- [Action item] In the records below, reproduce exactly the lines from the one containing "A lady wearing" through the one containing "Karl Malone during", both included, and omit the pictures.

++++ Data supplied

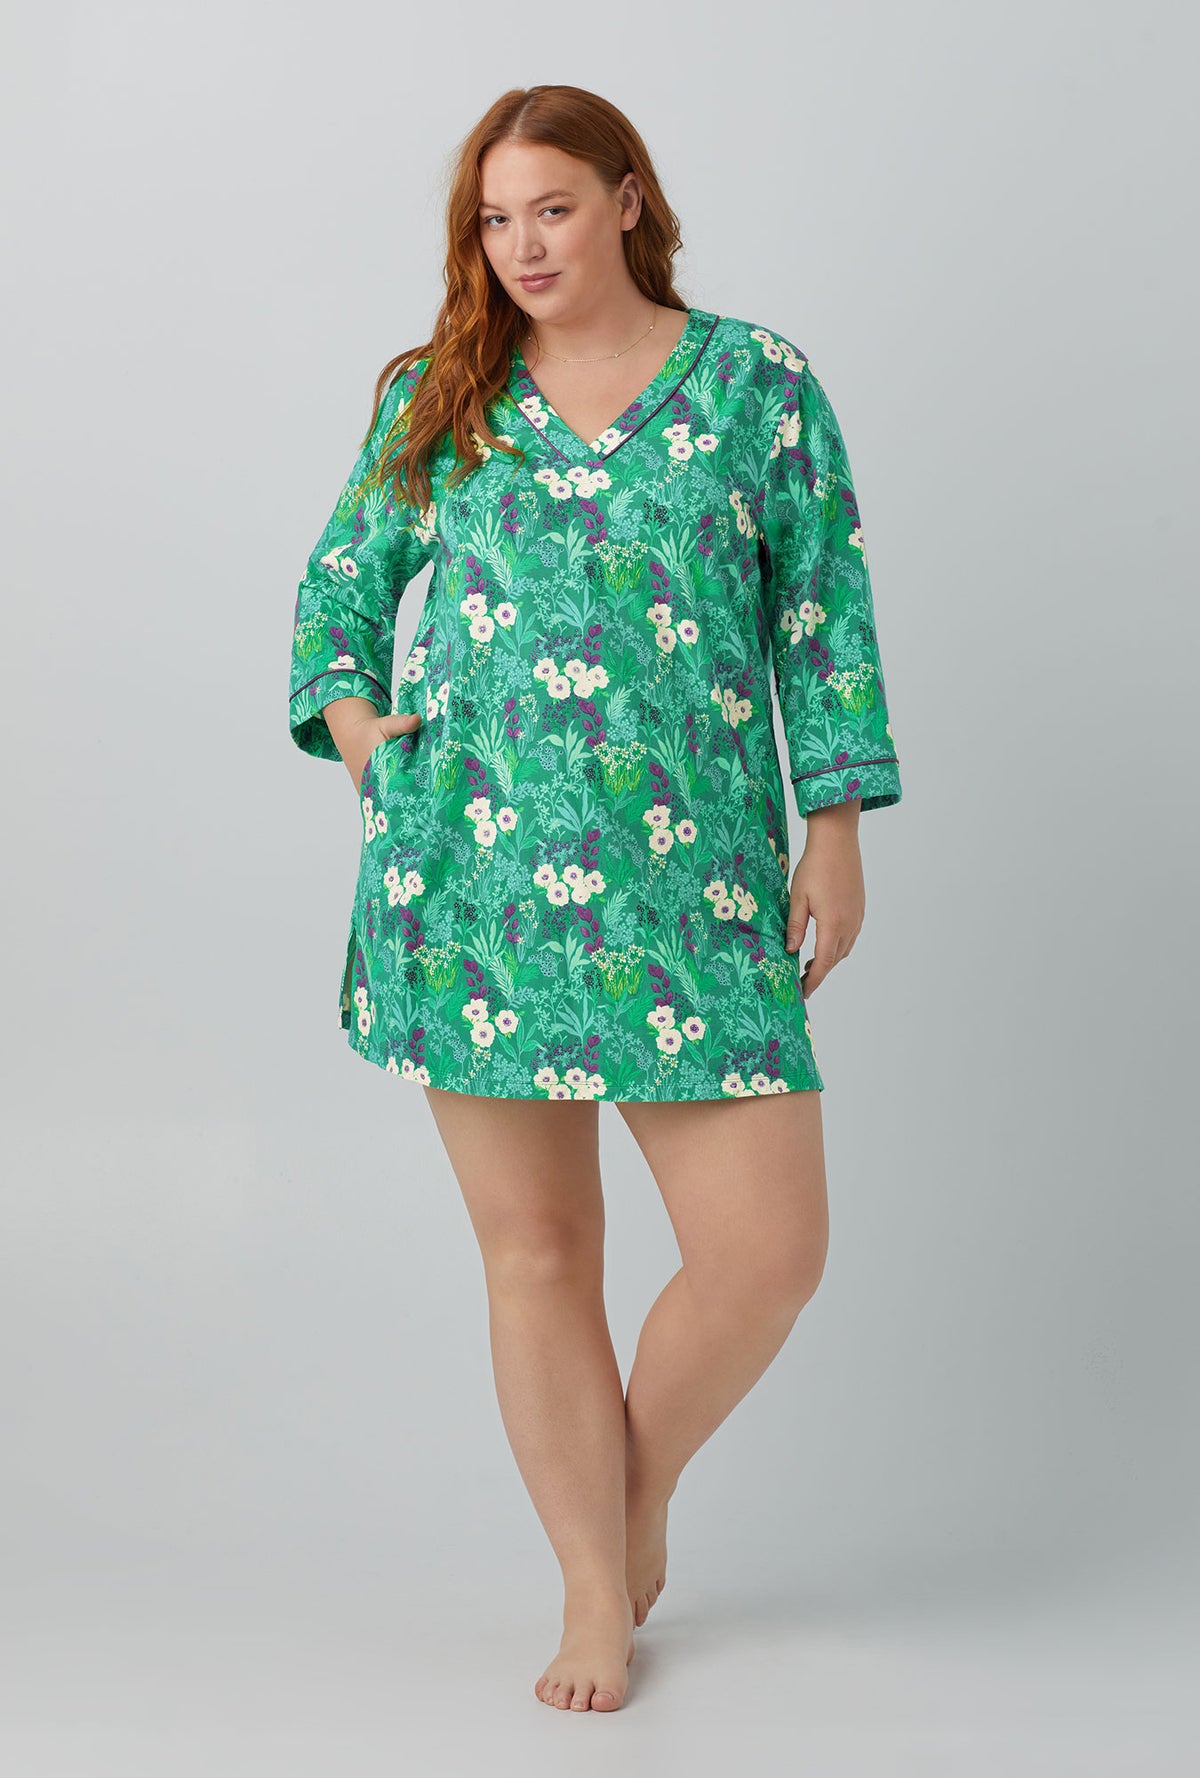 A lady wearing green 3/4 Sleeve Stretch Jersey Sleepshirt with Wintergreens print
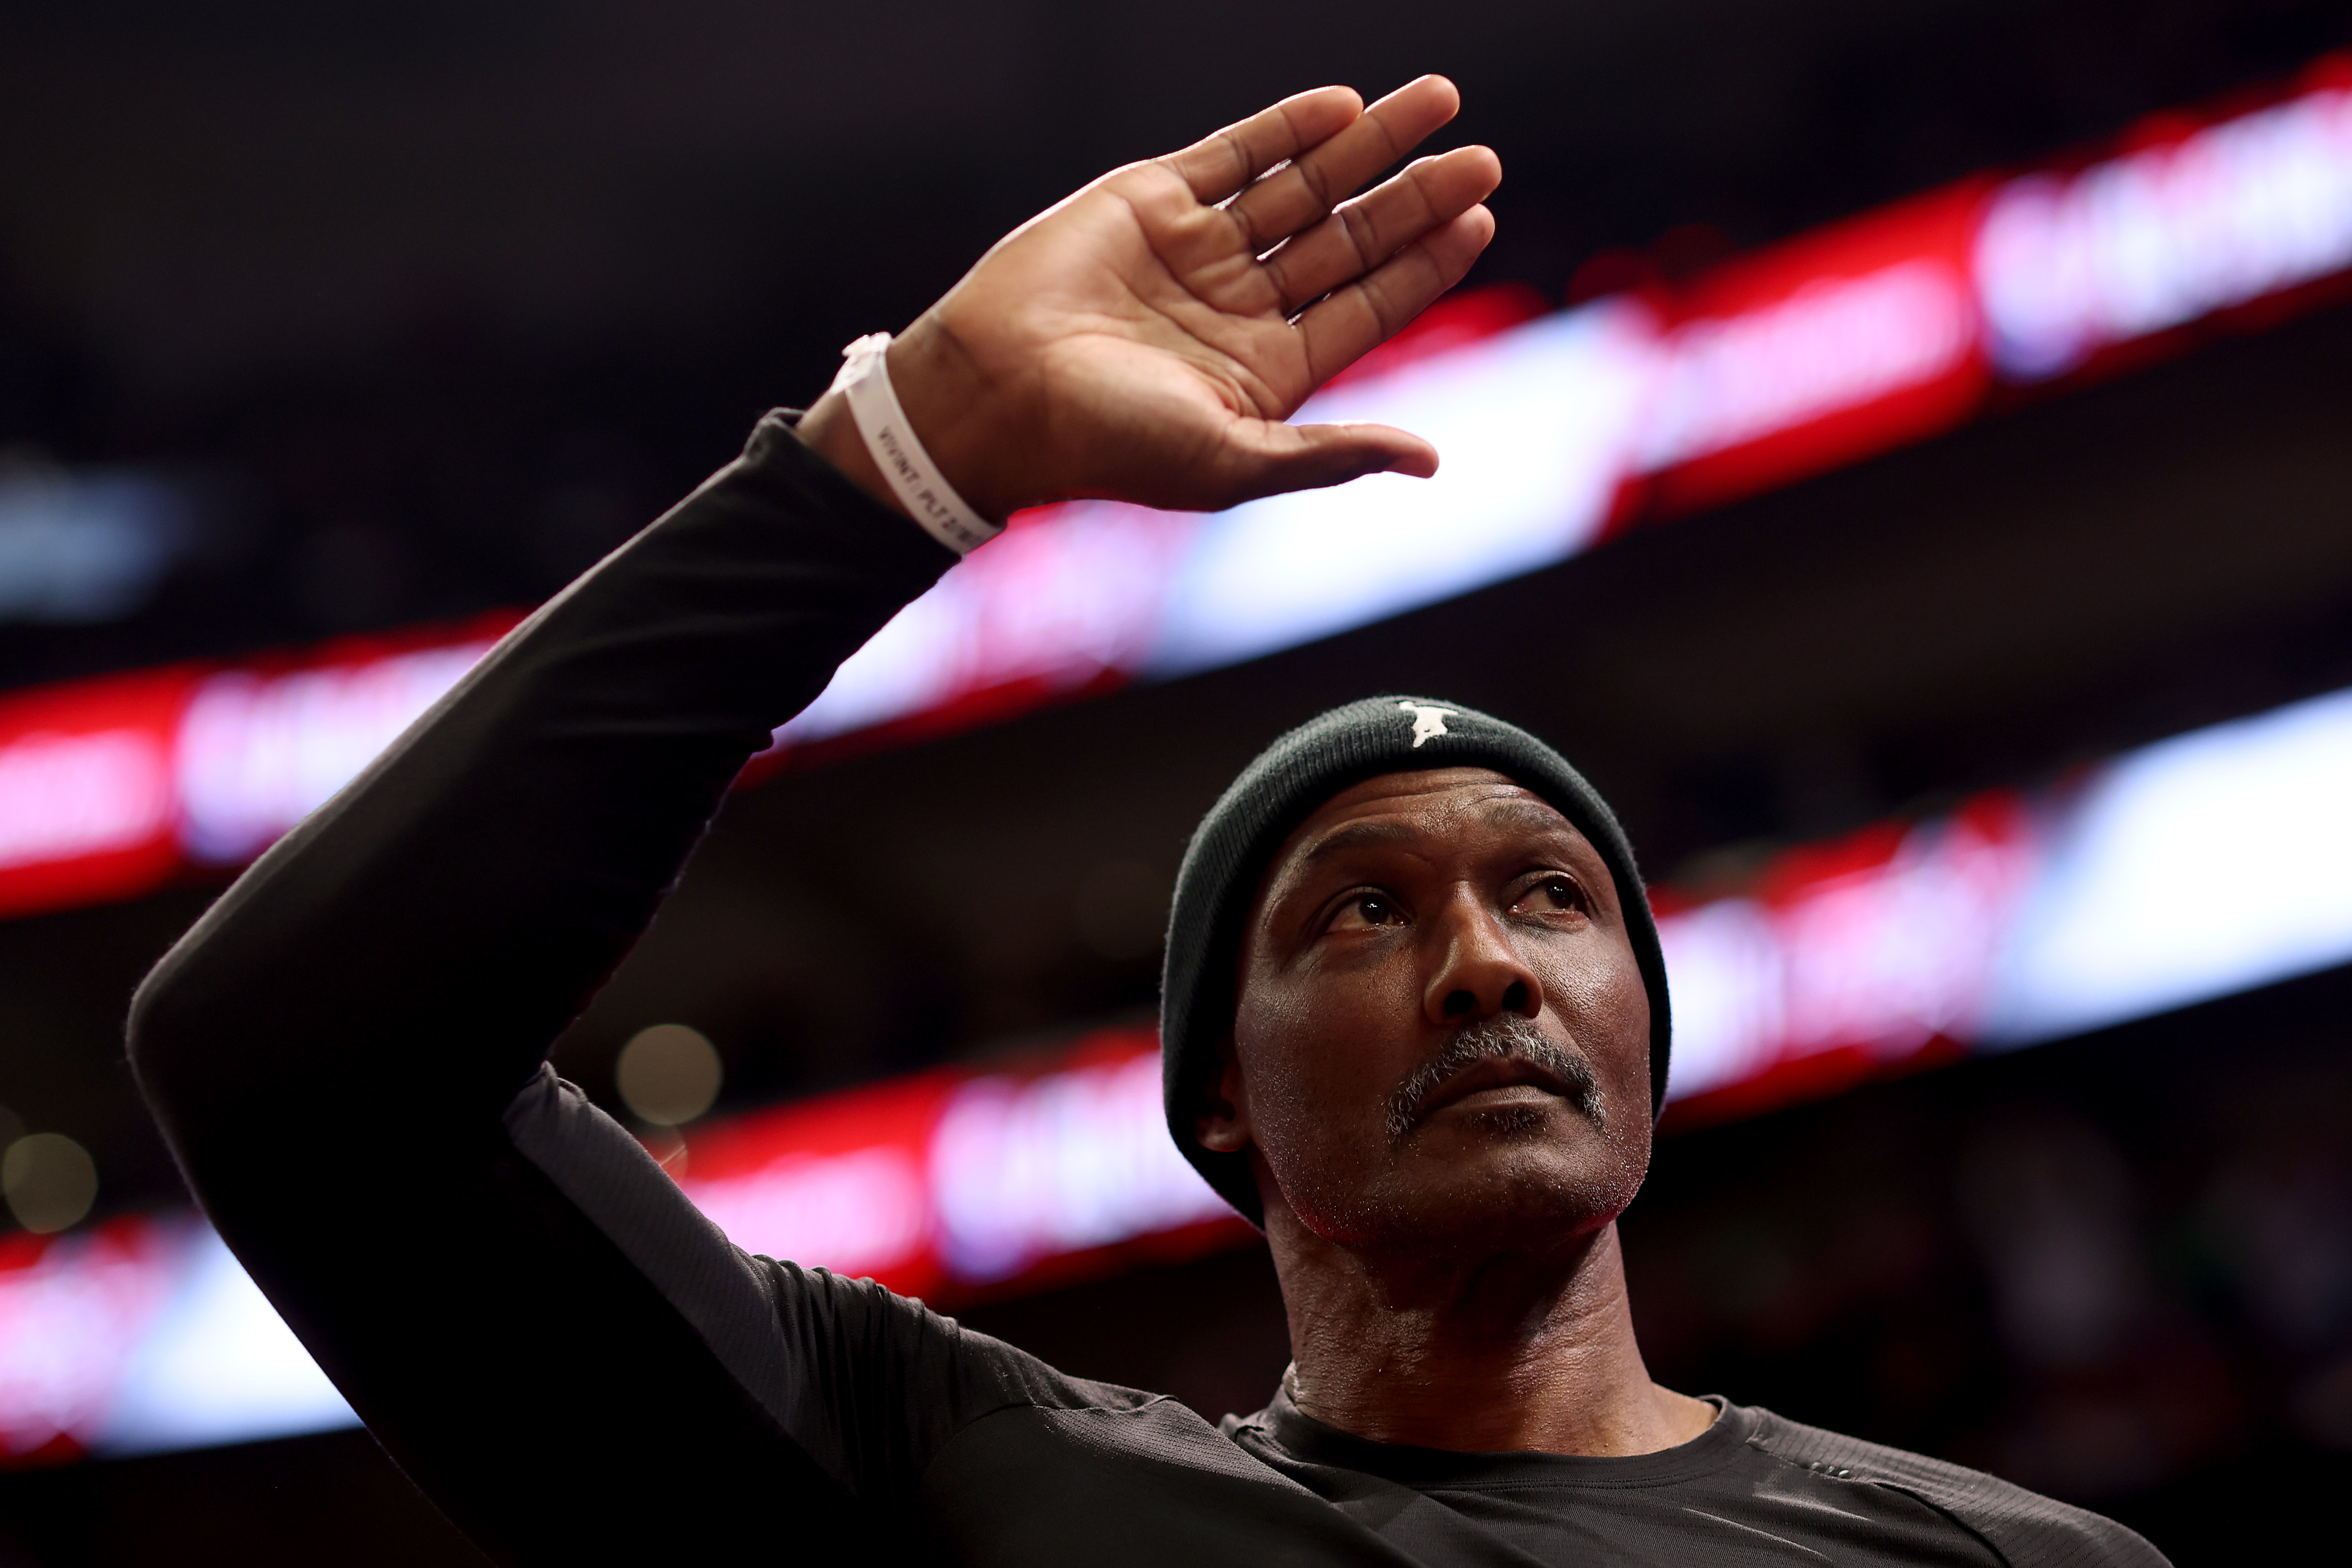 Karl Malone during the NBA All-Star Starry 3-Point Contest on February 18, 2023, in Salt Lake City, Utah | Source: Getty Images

++++++++
++++ Data supplied

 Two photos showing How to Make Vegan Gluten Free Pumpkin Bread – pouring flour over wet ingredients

++++++++

- [Your solution]
 A lady wearing green 3/4 Sleeve Stretch Jersey Sleepshirt with Wintergreens print
 Karl Malone during the NBA All-Star Starry 3-Point Contest on February 18, 2023, in Salt Lake City, Utah | Source: Getty Images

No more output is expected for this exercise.